**EXERCISE DIRECTIONS**
Give back exactly the lines of the entries below from the line with "La playa y el" to the line with "碱性磷酸酶米氏常数的测定", inclusive, and only those.

::::

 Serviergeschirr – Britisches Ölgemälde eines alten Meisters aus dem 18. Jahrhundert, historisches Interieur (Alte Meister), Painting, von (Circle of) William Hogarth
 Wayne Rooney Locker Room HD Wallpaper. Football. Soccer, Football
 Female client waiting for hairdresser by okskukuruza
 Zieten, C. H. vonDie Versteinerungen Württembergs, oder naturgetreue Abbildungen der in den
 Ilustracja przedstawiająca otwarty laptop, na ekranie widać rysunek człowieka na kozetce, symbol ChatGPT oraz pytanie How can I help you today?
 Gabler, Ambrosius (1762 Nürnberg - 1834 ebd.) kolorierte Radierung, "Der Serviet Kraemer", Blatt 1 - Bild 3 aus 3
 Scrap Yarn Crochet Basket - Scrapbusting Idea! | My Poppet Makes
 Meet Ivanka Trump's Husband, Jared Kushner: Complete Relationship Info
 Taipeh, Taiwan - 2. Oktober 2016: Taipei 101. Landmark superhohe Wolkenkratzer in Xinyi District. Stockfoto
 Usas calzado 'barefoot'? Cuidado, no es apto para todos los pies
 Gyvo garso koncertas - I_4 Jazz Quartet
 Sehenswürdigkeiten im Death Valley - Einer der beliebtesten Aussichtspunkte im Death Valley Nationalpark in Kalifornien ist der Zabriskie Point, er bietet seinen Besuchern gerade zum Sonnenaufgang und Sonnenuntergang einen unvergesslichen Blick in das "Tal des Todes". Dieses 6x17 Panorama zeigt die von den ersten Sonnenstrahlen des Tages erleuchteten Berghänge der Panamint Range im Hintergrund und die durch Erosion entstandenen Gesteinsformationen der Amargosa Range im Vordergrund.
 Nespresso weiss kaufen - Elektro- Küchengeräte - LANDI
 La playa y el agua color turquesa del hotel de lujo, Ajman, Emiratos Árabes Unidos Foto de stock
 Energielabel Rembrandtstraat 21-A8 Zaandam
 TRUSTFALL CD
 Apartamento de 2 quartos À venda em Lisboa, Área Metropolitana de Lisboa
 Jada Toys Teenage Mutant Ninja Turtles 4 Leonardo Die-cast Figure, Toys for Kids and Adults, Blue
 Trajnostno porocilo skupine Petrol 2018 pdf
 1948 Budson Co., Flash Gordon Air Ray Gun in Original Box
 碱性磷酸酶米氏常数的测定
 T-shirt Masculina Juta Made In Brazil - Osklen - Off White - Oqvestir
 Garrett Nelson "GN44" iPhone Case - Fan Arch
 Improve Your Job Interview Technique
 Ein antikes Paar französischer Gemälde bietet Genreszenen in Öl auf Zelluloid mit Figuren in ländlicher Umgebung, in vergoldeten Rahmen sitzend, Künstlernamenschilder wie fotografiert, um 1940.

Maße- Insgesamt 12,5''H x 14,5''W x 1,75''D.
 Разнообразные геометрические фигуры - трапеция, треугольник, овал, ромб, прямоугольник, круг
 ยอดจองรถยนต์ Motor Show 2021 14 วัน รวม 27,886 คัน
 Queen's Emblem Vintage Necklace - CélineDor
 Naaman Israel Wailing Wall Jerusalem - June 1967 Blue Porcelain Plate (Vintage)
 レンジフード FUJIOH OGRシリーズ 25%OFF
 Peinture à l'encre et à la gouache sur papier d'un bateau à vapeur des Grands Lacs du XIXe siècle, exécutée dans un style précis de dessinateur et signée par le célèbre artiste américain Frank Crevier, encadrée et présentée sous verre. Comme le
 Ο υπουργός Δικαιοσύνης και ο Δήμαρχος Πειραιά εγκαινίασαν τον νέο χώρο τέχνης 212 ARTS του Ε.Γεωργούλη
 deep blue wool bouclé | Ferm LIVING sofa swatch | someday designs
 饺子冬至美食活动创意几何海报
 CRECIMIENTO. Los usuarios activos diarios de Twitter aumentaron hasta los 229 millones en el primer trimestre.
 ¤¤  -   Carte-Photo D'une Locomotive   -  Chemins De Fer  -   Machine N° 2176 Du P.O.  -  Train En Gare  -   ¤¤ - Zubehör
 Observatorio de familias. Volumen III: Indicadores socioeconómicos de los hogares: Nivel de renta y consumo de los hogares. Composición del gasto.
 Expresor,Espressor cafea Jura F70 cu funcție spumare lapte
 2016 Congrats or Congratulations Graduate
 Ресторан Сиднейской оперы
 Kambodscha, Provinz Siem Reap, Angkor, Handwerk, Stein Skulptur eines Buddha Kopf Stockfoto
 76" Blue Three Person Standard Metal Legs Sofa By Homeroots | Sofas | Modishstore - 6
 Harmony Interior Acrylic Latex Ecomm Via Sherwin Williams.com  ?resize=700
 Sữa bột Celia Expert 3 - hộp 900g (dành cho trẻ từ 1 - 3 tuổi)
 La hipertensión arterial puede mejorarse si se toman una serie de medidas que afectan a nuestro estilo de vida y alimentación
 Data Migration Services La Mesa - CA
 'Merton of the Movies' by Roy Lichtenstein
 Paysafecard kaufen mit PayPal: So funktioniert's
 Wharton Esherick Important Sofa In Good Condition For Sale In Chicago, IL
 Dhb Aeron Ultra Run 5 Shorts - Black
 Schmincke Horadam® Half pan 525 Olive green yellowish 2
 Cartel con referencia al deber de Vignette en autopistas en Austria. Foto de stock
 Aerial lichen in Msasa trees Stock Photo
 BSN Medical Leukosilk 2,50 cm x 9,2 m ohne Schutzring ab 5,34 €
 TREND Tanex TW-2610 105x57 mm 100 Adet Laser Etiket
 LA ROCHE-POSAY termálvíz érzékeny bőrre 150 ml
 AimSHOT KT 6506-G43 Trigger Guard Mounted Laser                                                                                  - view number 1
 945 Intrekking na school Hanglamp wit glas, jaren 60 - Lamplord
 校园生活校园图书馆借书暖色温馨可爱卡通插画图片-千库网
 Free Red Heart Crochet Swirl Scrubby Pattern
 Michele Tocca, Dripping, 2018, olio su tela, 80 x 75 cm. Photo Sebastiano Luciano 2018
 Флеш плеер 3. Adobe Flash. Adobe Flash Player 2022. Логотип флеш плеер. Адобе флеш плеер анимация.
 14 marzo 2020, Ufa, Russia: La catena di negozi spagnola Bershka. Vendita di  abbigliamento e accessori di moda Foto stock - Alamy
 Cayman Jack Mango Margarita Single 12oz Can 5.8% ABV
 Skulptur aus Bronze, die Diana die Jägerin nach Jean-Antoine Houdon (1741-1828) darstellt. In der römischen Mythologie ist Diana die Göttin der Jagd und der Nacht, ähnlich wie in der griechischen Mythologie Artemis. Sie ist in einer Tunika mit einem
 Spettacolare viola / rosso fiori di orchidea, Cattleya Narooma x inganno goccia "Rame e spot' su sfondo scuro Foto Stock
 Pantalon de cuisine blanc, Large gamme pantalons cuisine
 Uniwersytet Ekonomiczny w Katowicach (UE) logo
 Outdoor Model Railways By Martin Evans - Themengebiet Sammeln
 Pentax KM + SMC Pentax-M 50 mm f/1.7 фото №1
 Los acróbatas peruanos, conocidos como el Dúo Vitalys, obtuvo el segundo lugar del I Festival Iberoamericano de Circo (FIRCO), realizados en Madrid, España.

::::

**WRITTEN ANSWER**
 La playa y el agua color turquesa del hotel de lujo, Ajman, Emiratos Árabes Unidos Foto de stock
 Energielabel Rembrandtstraat 21-A8 Zaandam
 TRUSTFALL CD
 Apartamento de 2 quartos À venda em Lisboa, Área Metropolitana de Lisboa
 Jada Toys Teenage Mutant Ninja Turtles 4 Leonardo Die-cast Figure, Toys for Kids and Adults, Blue
 Trajnostno porocilo skupine Petrol 2018 pdf
 1948 Budson Co., Flash Gordon Air Ray Gun in Original Box
 碱性磷酸酶米氏常数的测定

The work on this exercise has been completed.